The pituitary gland is a small, pea-sized endocrine organ situated at the base of the brain, resting in a bony pocket called the sella turcica. This gland is responsible for producing and regulating several hormones that control growth, metabolism, reproduction, and stress response throughout the body. A pituitary tumor is an abnormal growth arising from the cells of this gland, and the vast majority of these growths are noncancerous, slow-growing masses known as pituitary adenomas. Treatment for a pituitary tumor is highly individualized, depending on the tumor’s size, whether it secretes excess hormones, and the symptoms it causes.
When Intervention is Necessary
Many small, non-functional tumors are simply monitored over time. Intervention becomes necessary when the tumor is either large enough to physically compress surrounding structures or when it produces an excessive amount of a specific hormone. Tumors are classified by size, with microadenomas being less than 10 millimeters and macroadenomas being larger than 10 millimeters. The latter are more likely to cause problems due to their mass.
The most concerning mass effect is pressure on the optic chiasm, which can lead to progressive vision loss, often affecting the peripheral visual fields. Intervention is also required for functional tumors that oversecrete hormones, causing specific diseases regardless of their size. For instance, tumors secreting Adrenocorticotropic Hormone (ACTH) lead to Cushing’s disease, while those secreting growth hormone cause acromegaly.
Primary Surgical Approaches
Surgery is often the preferred initial treatment for most pituitary adenomas, especially those causing vision loss or hormone overproduction that cannot be managed with medication. The two main surgical methods employed are transsphenoidal surgery and craniotomy, with the choice depending on the tumor’s size, location, and invasiveness.
Transsphenoidal Approach
The transsphenoidal approach is the most common method, allowing the surgeon to reach the pituitary gland through the nasal cavity and the sphenoid sinus. This technique avoids manipulating or cutting into the brain itself, resulting in less pain, a faster recovery, and no visible external scarring. Surgeons use either a traditional operating microscope or a newer, minimally invasive endoscope, which provides a wider, magnified view of the surgical field.
Craniotomy
A craniotomy, which involves opening a section of the skull, is reserved for more complex cases. This approach is necessary when the tumor is very large, has spread significantly outside the bony confines of the sella turcica, or has extensively invaded nearby structures like the cavernous sinus. While craniotomy offers a broader field of view for complex tumors, it is a more invasive procedure and carries a greater risk of temporary or permanent pituitary dysfunction compared to the transsphenoidal route.
Non-Surgical Treatment Options
Medication management and radiation therapy are used as alternatives or complementary treatments to surgical removal of pituitary tumors. Drug therapy is particularly effective for certain functional tumors, often serving as the first-line treatment.
Medication Management
Prolactinomas, which secrete excess prolactin, are usually treated with dopamine agonists like cabergoline or bromocriptine, which can shrink the tumor and normalize prolactin levels without the need for surgery. For tumors that secrete growth hormone or ACTH, medications such as somatostatin analogs can be used to decrease hormone production. Medication can also be used to block the effects of excess hormones in the body, such as drugs that inhibit cortisol production in Cushing’s disease.
Radiation Therapy
Radiation therapy is another non-surgical option, most often used for tumors that remain after surgery, those that recur, or those that cannot be safely removed. Highly focused techniques, such as Stereotactic Radiosurgery (SRS) or Gamma Knife, deliver a high dose of radiation precisely to the tumor area, minimizing damage to surrounding healthy brain tissue. This treatment works by damaging the tumor cells’ DNA, stopping their growth or eventually destroying them, although the effect on tumor control or hormone production can take months to years to fully manifest.
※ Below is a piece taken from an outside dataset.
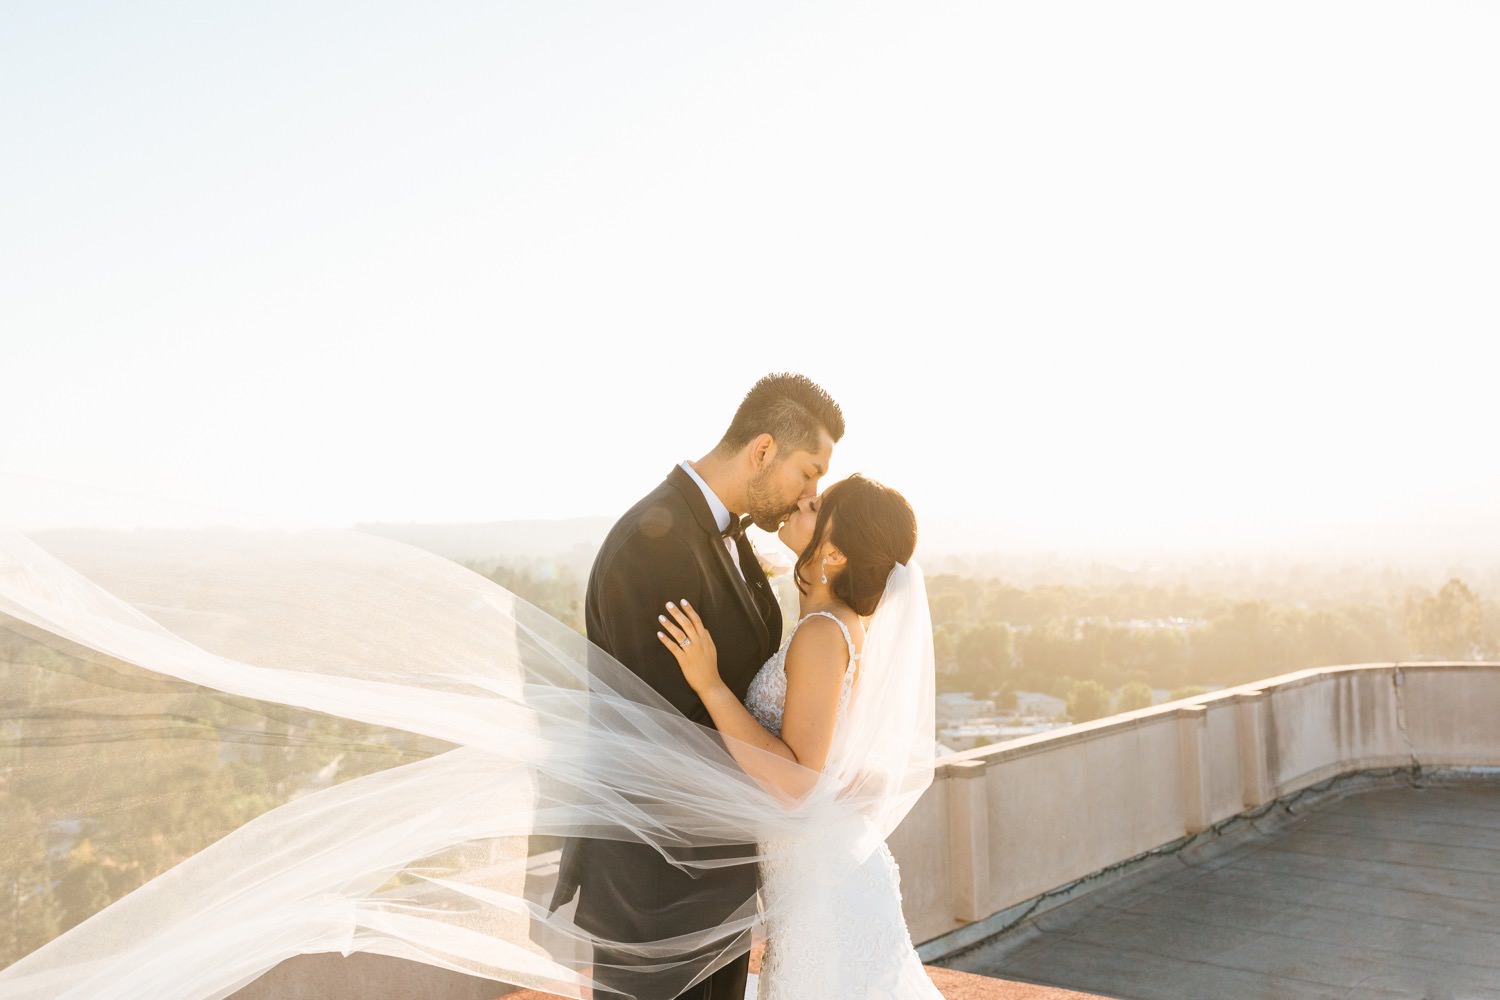 LA rooftop wedding photos - romantic bride and groom photos - veil wedding photos - https://brittneyhannonphotography.com

Recovery and Long-Term Follow-Up
The recovery period following pituitary surgery varies depending on the approach, with a typical hospital stay of two to three days after transsphenoidal surgery. Patients may experience temporary side effects like sinus congestion, fatigue, or altered taste and smell for a few weeks. Surgeons generally advise patients to avoid blowing their nose for several weeks.
A central component of long-term care is endocrine monitoring, which involves regular blood tests to check hormone levels. The pituitary gland’s function may be temporarily or permanently compromised after treatment, potentially leading to a deficiency in one or more hormones. Patients often require hormone replacement therapy, such as hydrocortisone for cortisol deficiency or thyroid hormone.
Lifelong follow-up is recommended for most patients, involving regular appointments with an endocrinologist and neurosurgeon. Imaging, typically with magnetic resonance imaging (MRI), is performed periodically in the months and years following treatment to monitor for any tumor recurrence or regrowth.